Second, the overwhelming majority of your impact comes not from how much you donate, but from how thoughtfully you spend it. Toby Ord thinks that the best charities do 10,000x more good than the worst; if you picked two random charities, on average one would be 100x more effective than the other. If someone donated 100% of their income to an average charity, nobody could claim they weren't doing enough. But by donating 1% of your income to a great charity, you do more good than that person. You can 80-20 this by donating to whoever's at the top of GiveWell's Top Charities leaderboard this year. Or if you have more time you can double-check their work and form your own opinions.
Third, I'm emphasizing the "sit down, think about it, and make a commitment, however small" aspect, because I think most people already want to be moral, they're just kind of haphazard and thoughtless about it.

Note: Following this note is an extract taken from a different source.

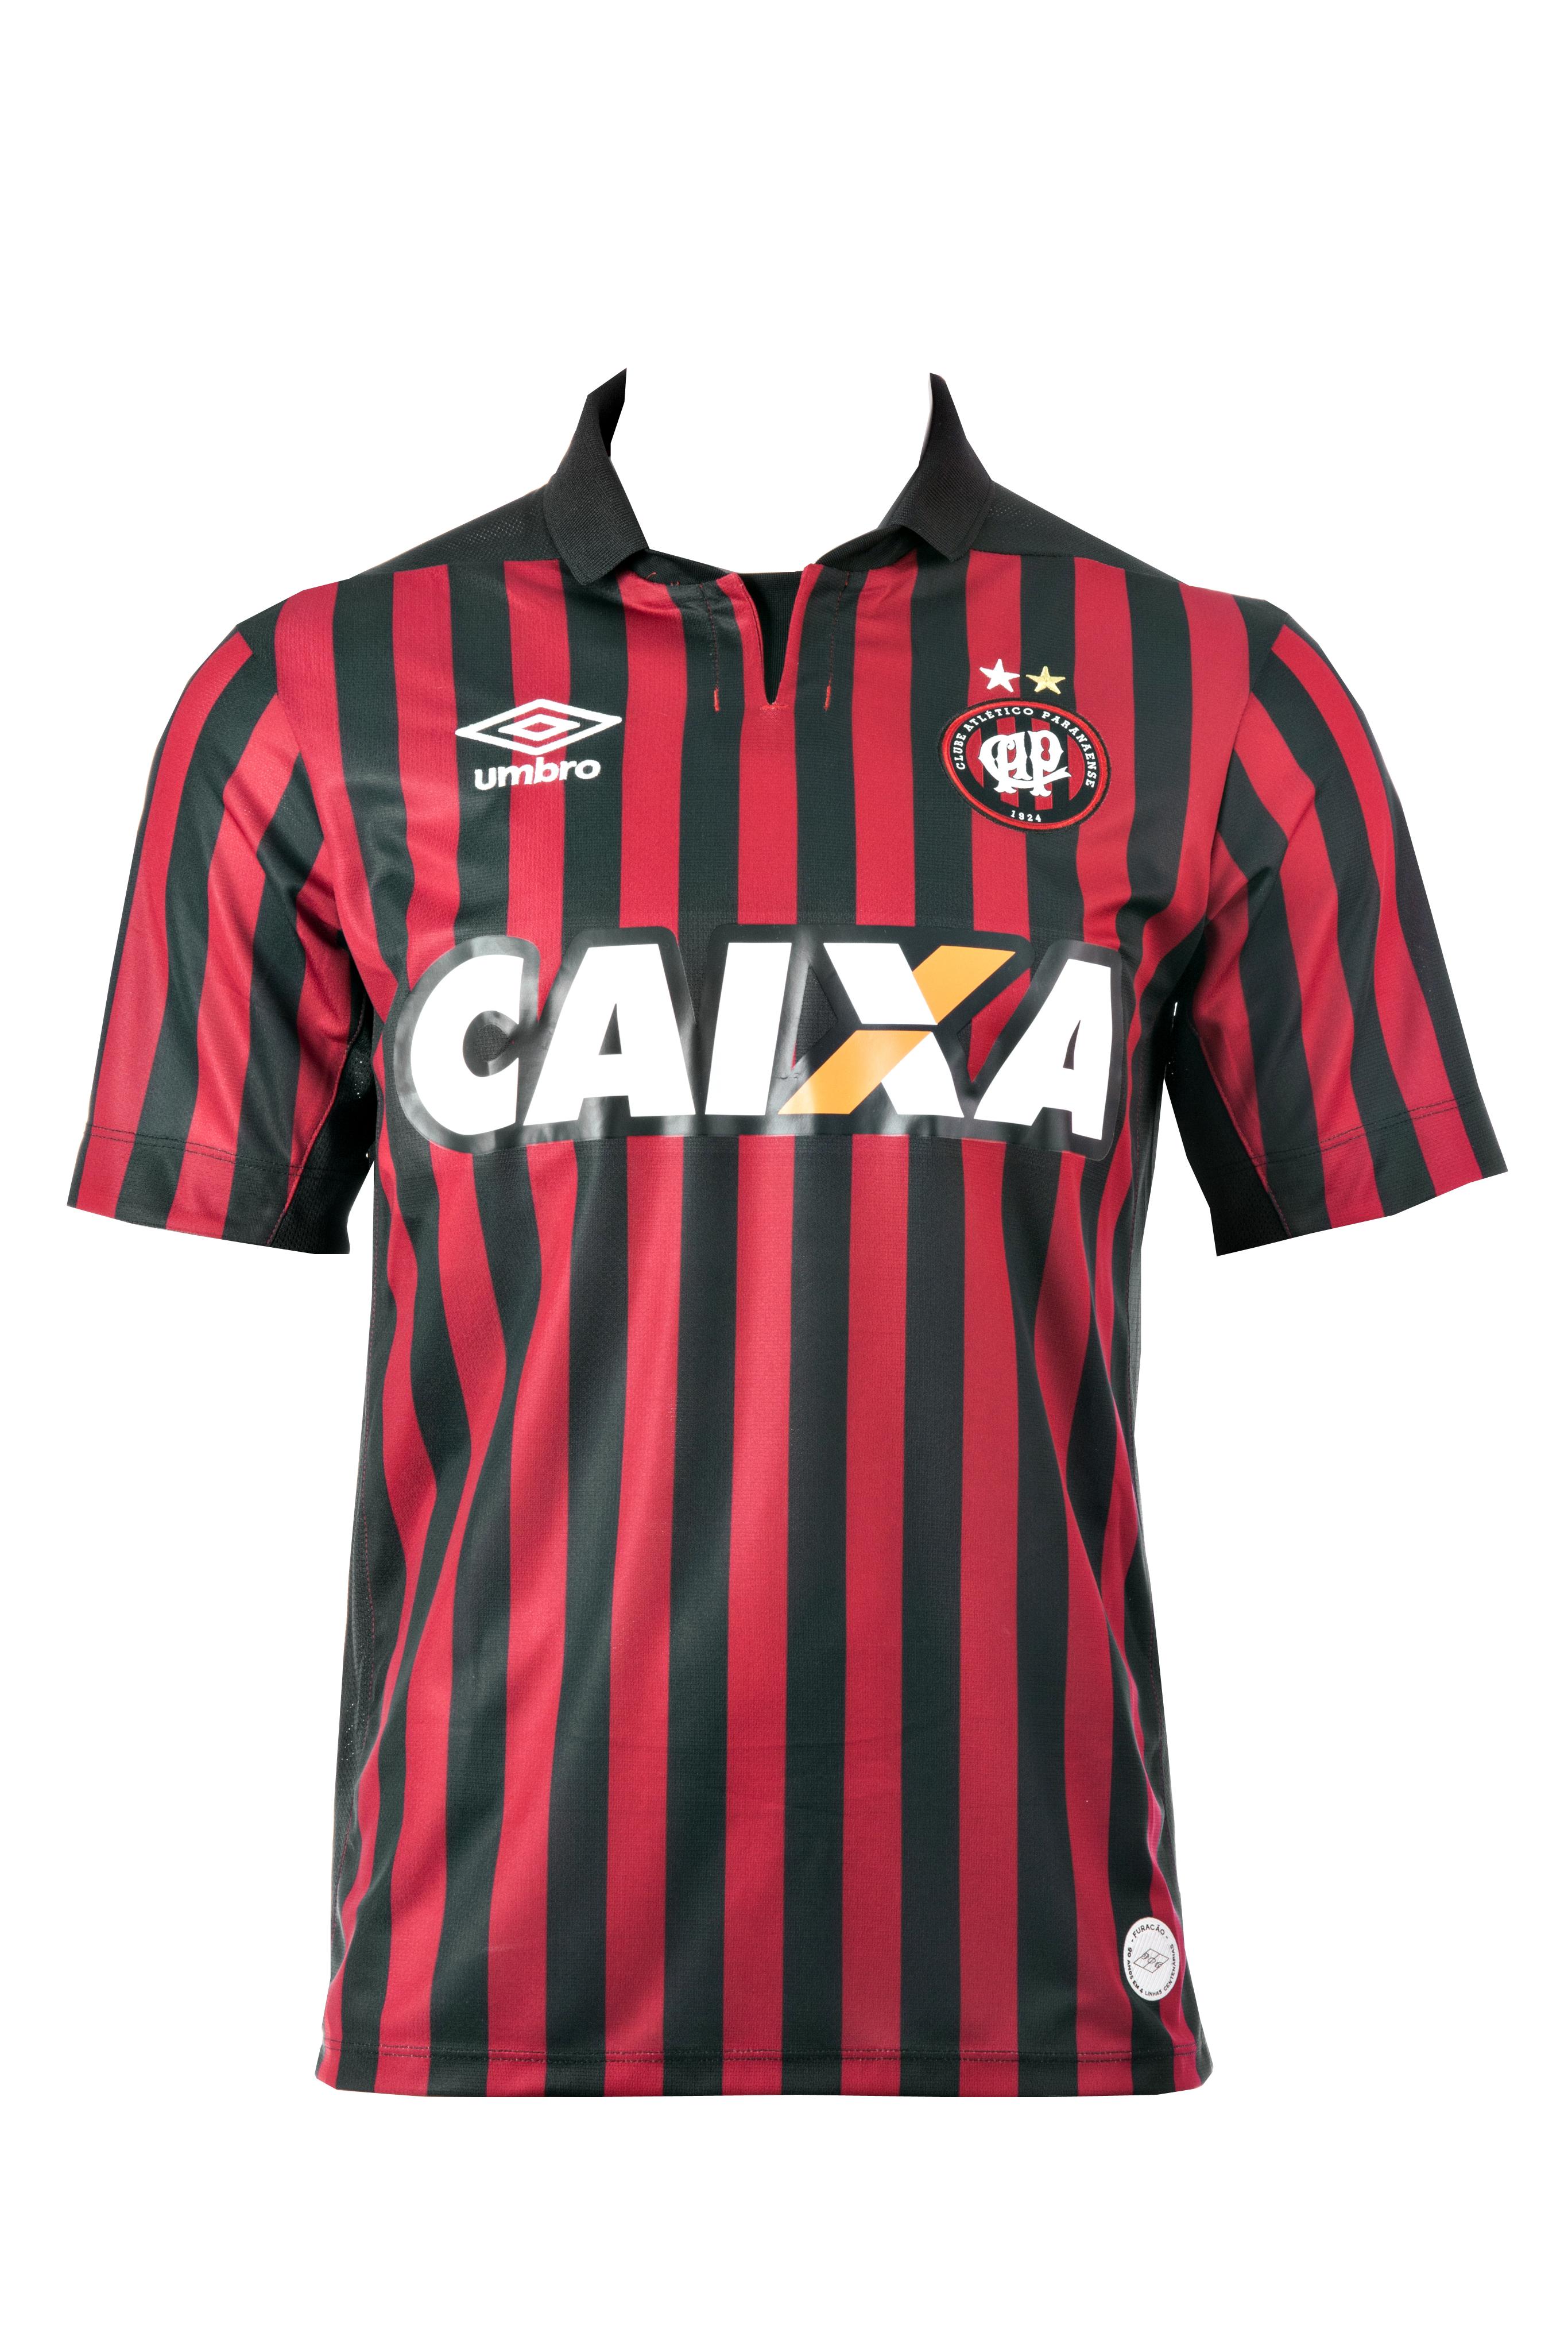 Barclays Premier League – Fut Pop Clube ab15a8b0b9a5c
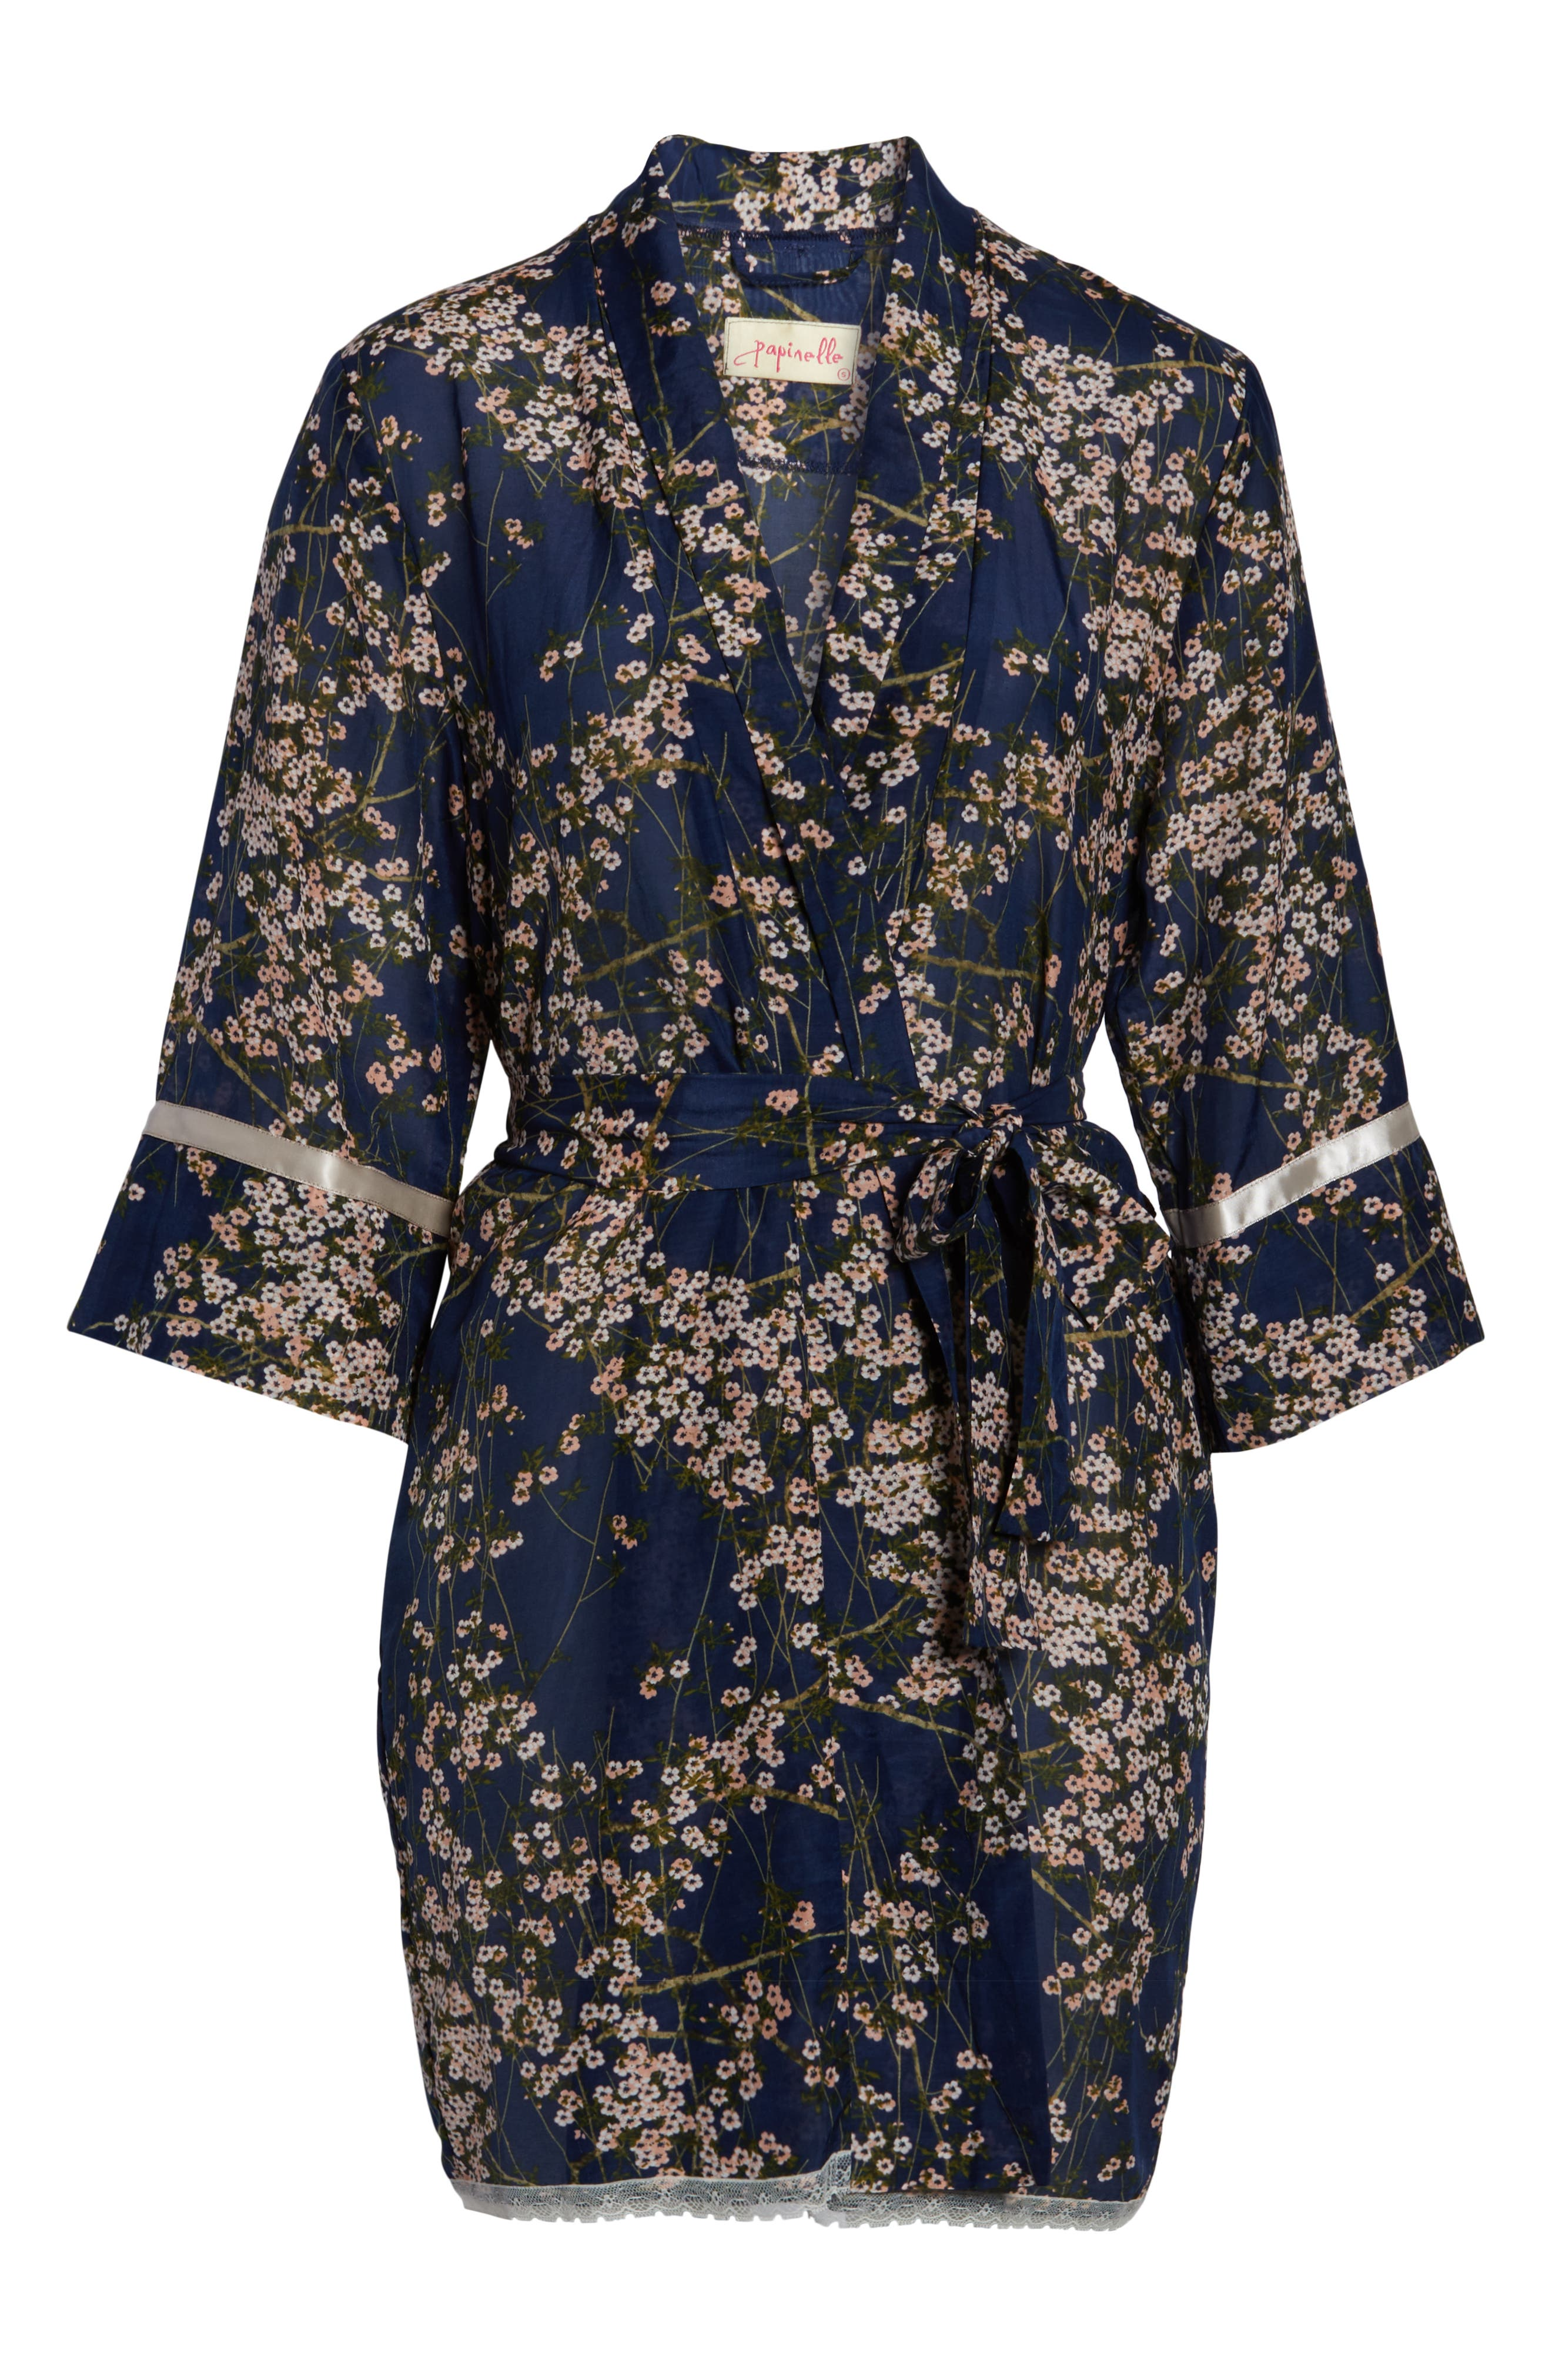 PAPINELLE, Cherry Blossom Short Robe, Alternate thumbnail 6, color, NAVY

If an angel presented you with two paths, one of which you spent 100% of your resources on yourself forever, and the other you spend 99% of resources on your self but spent the occasional dollar or hour-of-volunteer-time doing good, and you could just choose one and the angel would make sure that circumstances conspired to make it happen, I think almost everyone would choose the second. They might even try to get the angel to upsell them - "Only 1%? Do you have anything better on offer?" If people fail to give 1% to charity - and most people do - I think it's out of a failure to achieve their own preferences, the same as a scatterbrained person who doesn't file their taxes on time and gets hit with a pointless penalty. When I tweet, I pick on the rare people who insist openly that they really don't care about foreigners, but I think even they are mostly missing some kind of self-knowledge - maybe trying to repress their caring in order to avoid what they fear would be infinite obligation and personal/social misery. If they could prove that they had some sort of crystalline logical omniscience and utterly in the most profound sense didn't care, I would shrug, tell them they were weird, and leave them alone. I talk more about this at https:// www. astralcodexten .com /p/everyones-a-based-post-christian
Fourth, the bar should be wherever it's most useful. Reality has no bar; you can just keep doing more forever. If you devote 99% of your time/energy/money to parenting, you can always ask yourself whether you're failing your kid by not giving 100%. If it's 100%, why not skip sleep and use the time gained to prepare extra-special advanced lesson plans for your home schooling pod? But obviously this will drive you crazy and won't be good for you OR your kid. So in practice, we set a bar as a sort of social technology to encourage low-performers to do better and remind high-performers not to kill themselves. As I said before, the best place for the bar is somewhere where it will serve as inspiration (because it's attainable with more effort) rather than discouragement (because then you know you'll never reach it so why bother). I think 1-10% is a good place to put this.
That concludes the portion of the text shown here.